This article is republished from The Conversation under a Creative Commons license. Read the original article.

Thursday, July 8, 2021

An expert on search and rescue robots explains the technologies used in disasters like the Florida condo collapse

A drone flies above search and rescue personnel at the site of the Champlain Towers South Condo building collapse in Surfside, Florida. AP Photo/Wilfredo Lee
Robin R. Murphy, Texas A&M University

Texas A&M’s Robin Murphy has deployed robots at 29 disasters, including three building collapses, two mine disasters and an earthquake as director of the Center for Robot-Assisted Search and Rescue. She has also served as a technical search specialist with the Hillsboro County (Florida) Fire and Rescue Department. The Conversation talked to Murphy to provide readers an understanding of the types of technologies that search and rescue crews at the Champlain Towers South disaster site in Surfside, Florida, have at their disposal, as well as some they don’t. The interview has been edited for length.

What types of technologies are rescuers using at the Surfside condo collapse site?

We don’t have reports about it from Miami-Dade Fire Rescue Department, but news coverage shows that they’re using drones.

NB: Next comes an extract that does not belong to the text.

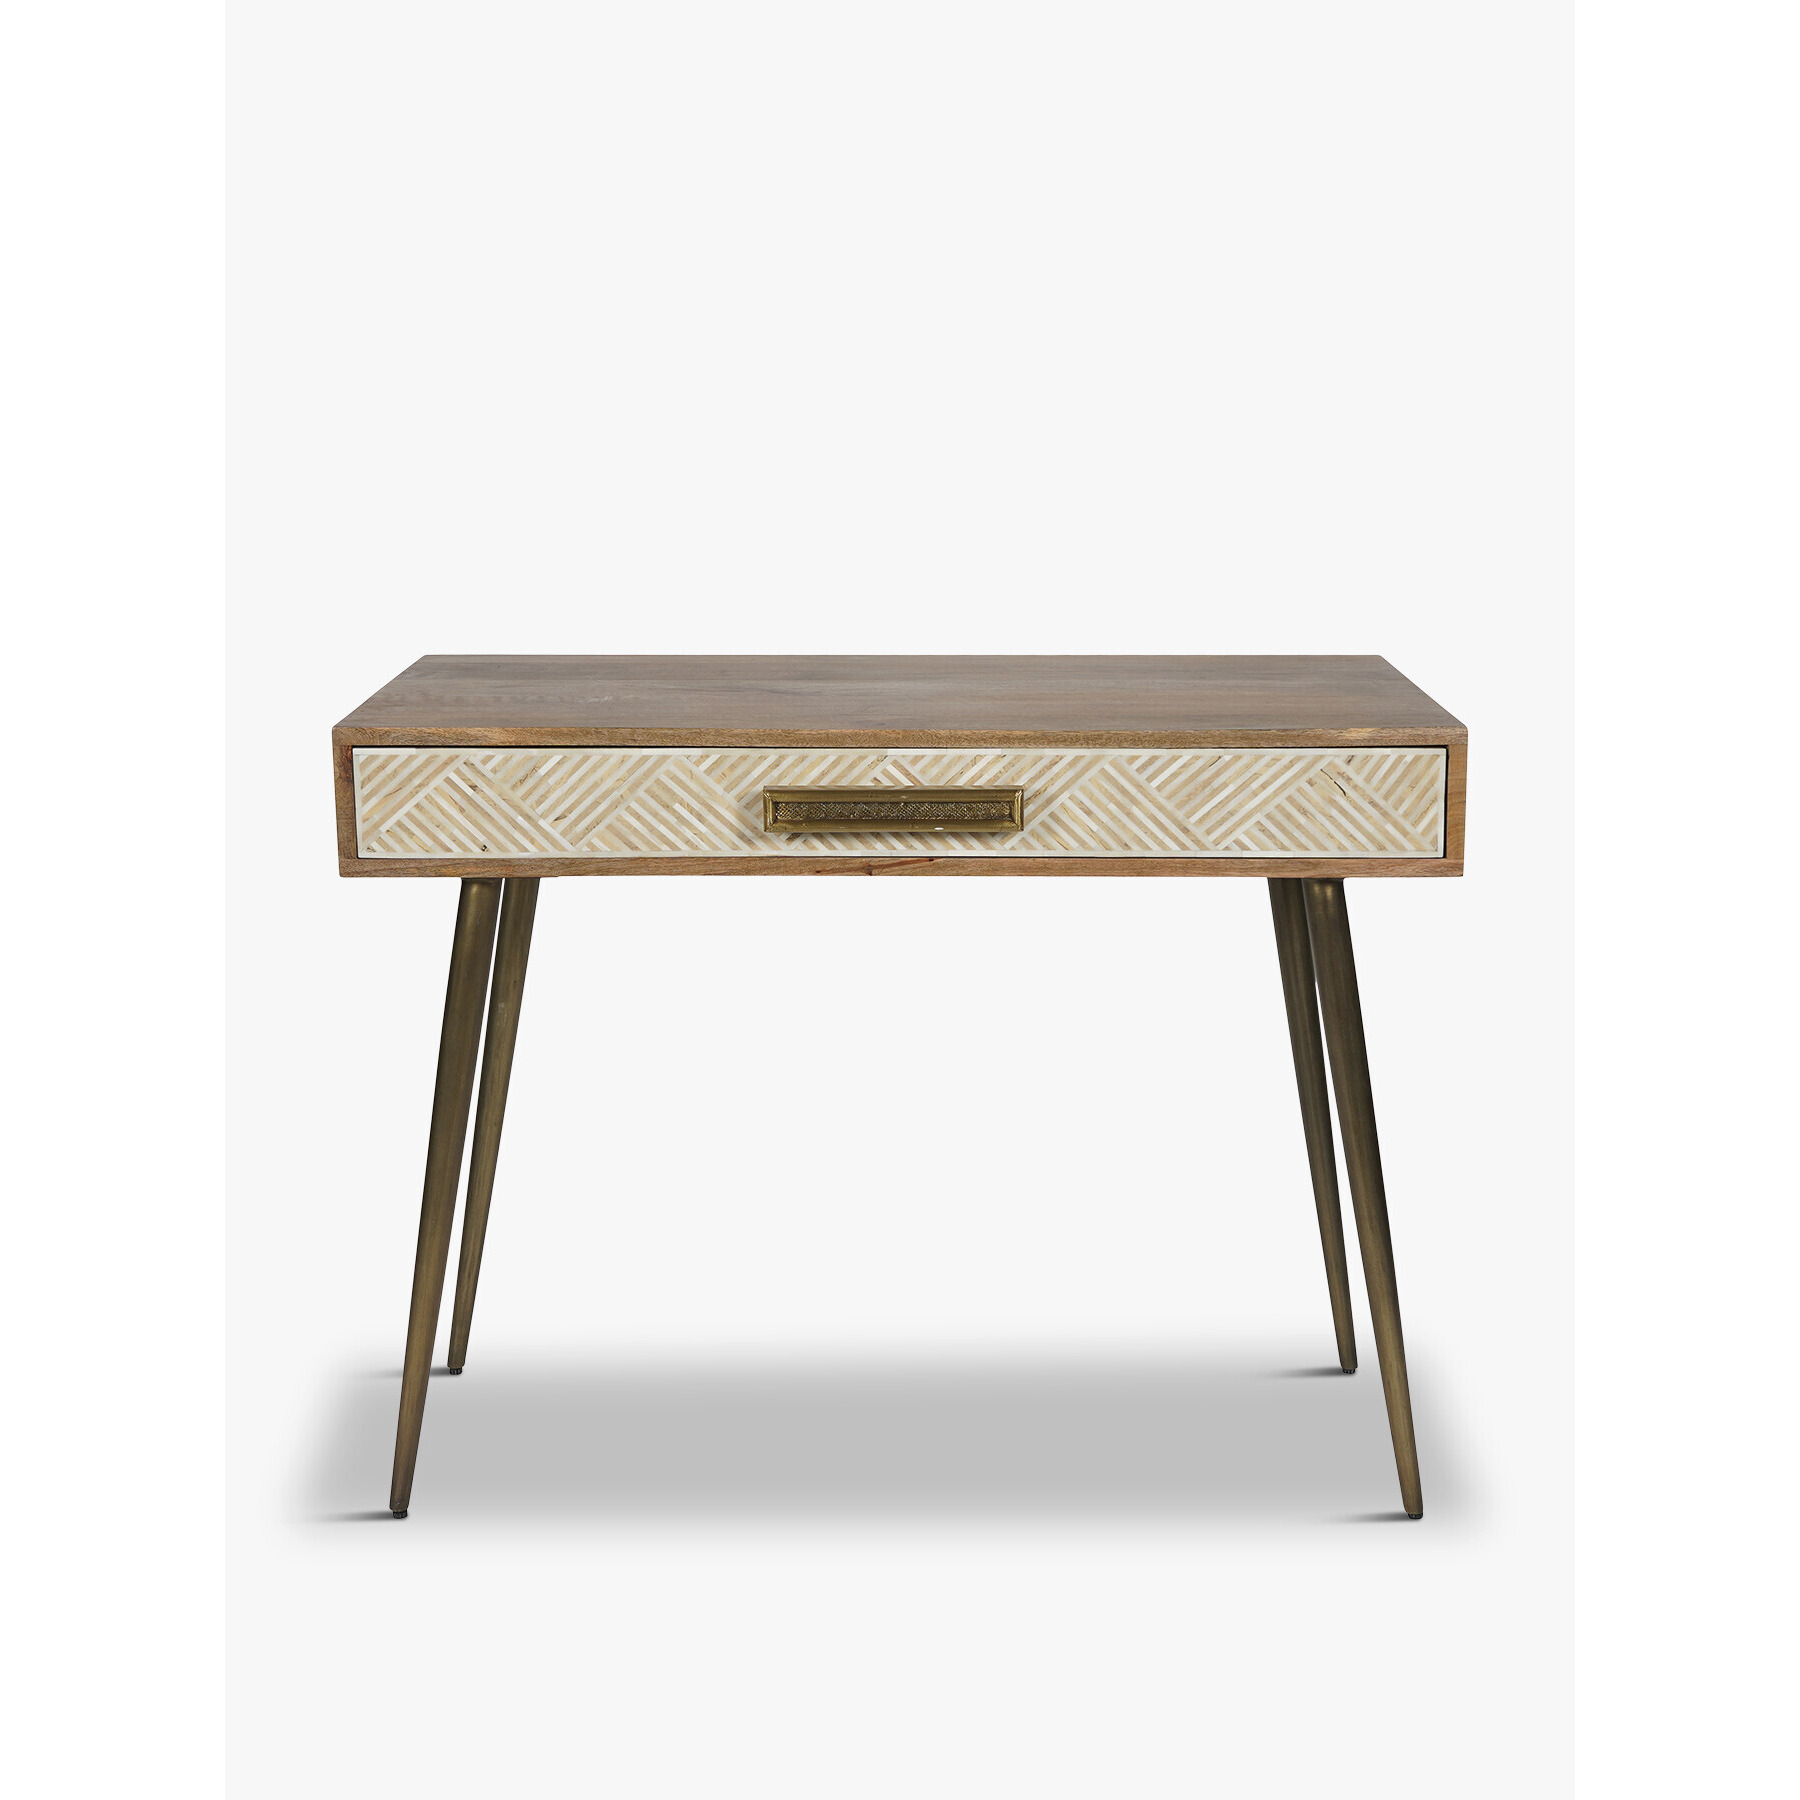 Libra Interiors Linden Bone and Mango wood Desk Table with Drawer - Size 920x75x100cm Brown - image 1

A standard kit for a technical search specialist would be basically a backpack of tools for searching the interior of the rubble: listening devices and a camera-on-a-wand or borescope for looking into the rubble.

How are drones typically used to help searchers?

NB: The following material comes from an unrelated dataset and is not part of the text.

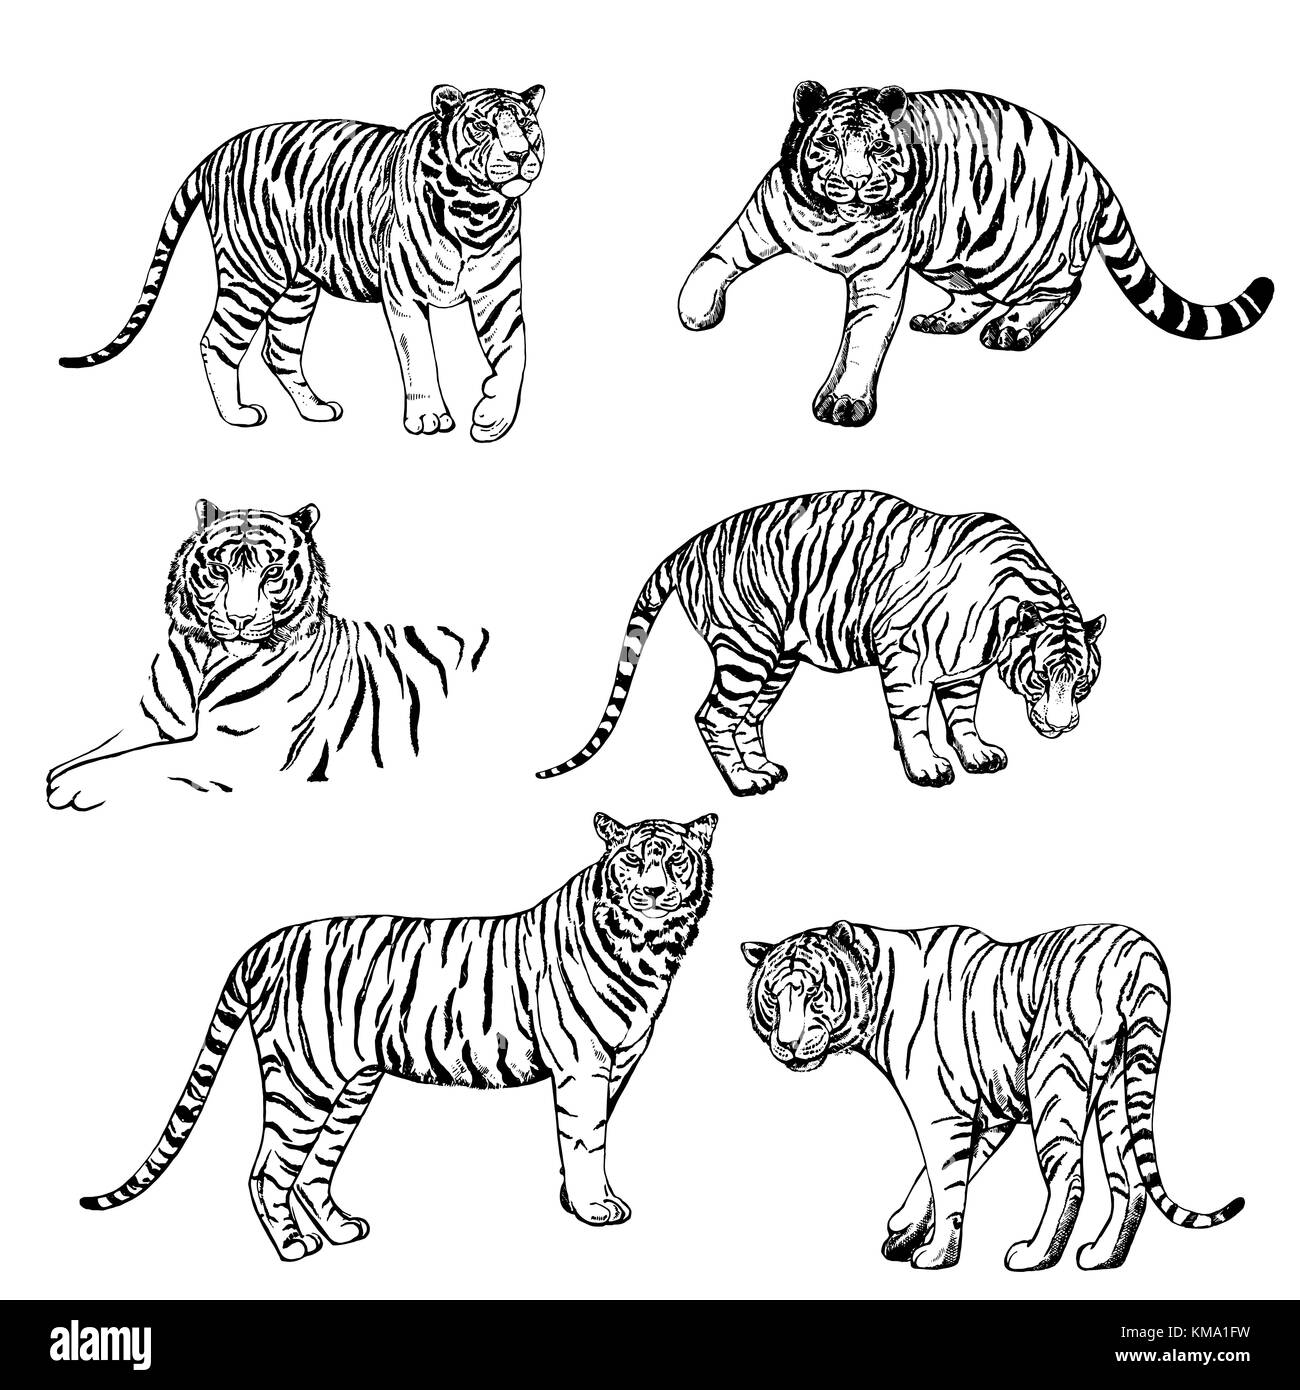 Hand drawn sketch style tigers. Vector illustration isolated on white ...

They’re used to get a view from above to map the disaster and help plan the search, answering questions like: What does the site look like? Where is everybody? Oh crap, there’s smoke. Where is it coming from? Can we figure out what that part of the rubble looks like?

In Surfside, I wouldn’t be surprised if they were also flying up to look at those balconies that are still intact and the parts that are hanging over. A structural specialist with binoculars generally can’t see accurately above three stories. So they don’t have a lot of ability to determine if a building’s safe for people to be near, to be working around or in, by looking from the ground.

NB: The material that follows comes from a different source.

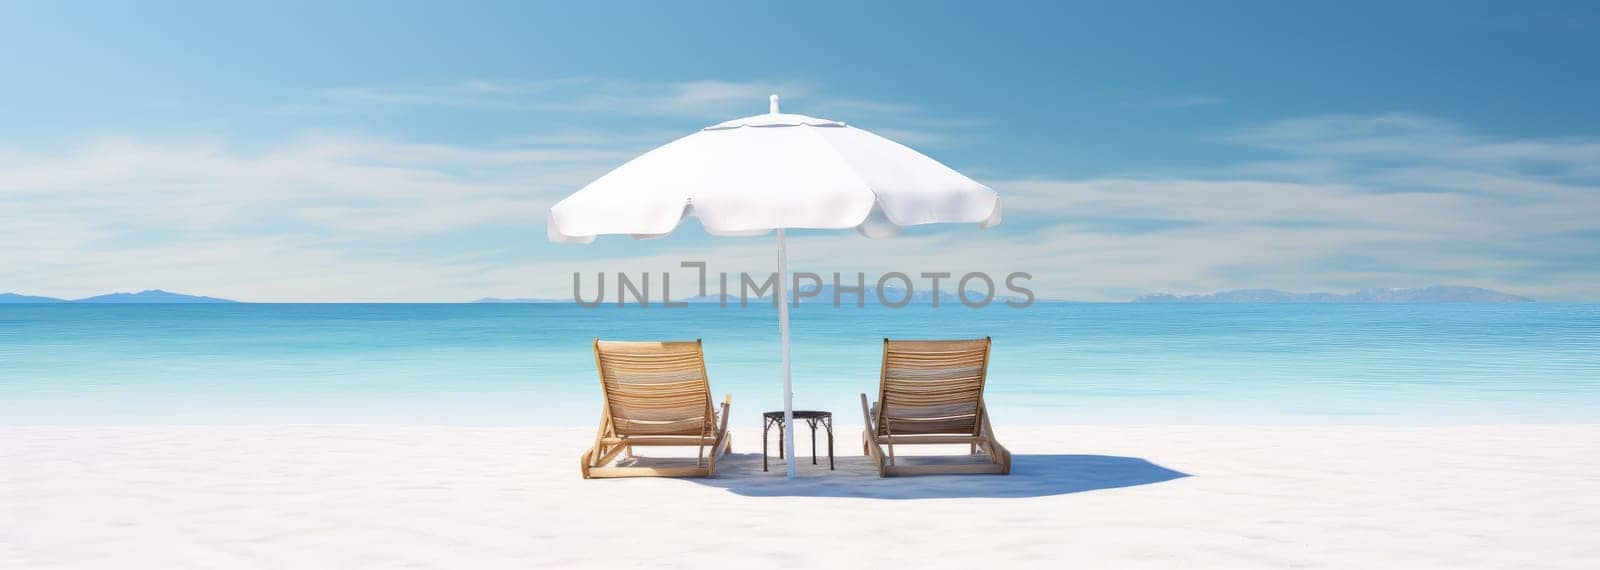 Two sun loungers under a large summer umbrella on a sandy beach by the sea

to the left a drone is in the air, to the right are two balconies of an apartment building tower
Search and rescue personnel use a drone to inspect the upper floors of the remaining portion of the Champlain Towers South Condo building. AP Photo/Wilfredo Lee

Drones can take a series of photos to generate orthomosaics. Orthomosaics are like those maps of Mars where they use software to glue all the individual photos together and it’s a complete map of the planet. You can imagine how useful an orthomosaic can be for dividing up an area for a search and seeing the progress of the search and rescue effort.

Search and rescue teams can use that same data for a digital elevation map. That’s software that gets the topology of the rubble and you can start actually measuring how high the pile is, how thick that slab is, that this piece of rubble must have come from this part of the building, and those sorts of things.

How might ground robots be used in this type of disaster?

The current state of the practice for searching the interior of rubble is to use either a small tracked vehicle, such as an Inkutun VGTV Extreme, which is the most commonly used robot for such situations, or a snakelike robot, such as the Active Scope Camera developed in Japan.

Teledyne FLIR is sending a couple of tracked robots and operators to the site in Surfside, Florida.

Ground robots are typically used to go into places that searchers can’t fit into and go farther than search cameras can. Search cams typically max out at 18 feet, whereas ground robots have been able to go over 60 feet into rubble. They are also used to go into unsafe voids that a rescuer could fit in but that would be unsafe and thus would require teams to work for hours to shore up before anyone could enter it safely.

In theory, ground robots could also be used to allow medical personnel to see and talk with survivors trapped in rubble, and carry small packages of water and medicine to them. But so far no search and rescue teams anywhere have found anyone alive with a ground robot.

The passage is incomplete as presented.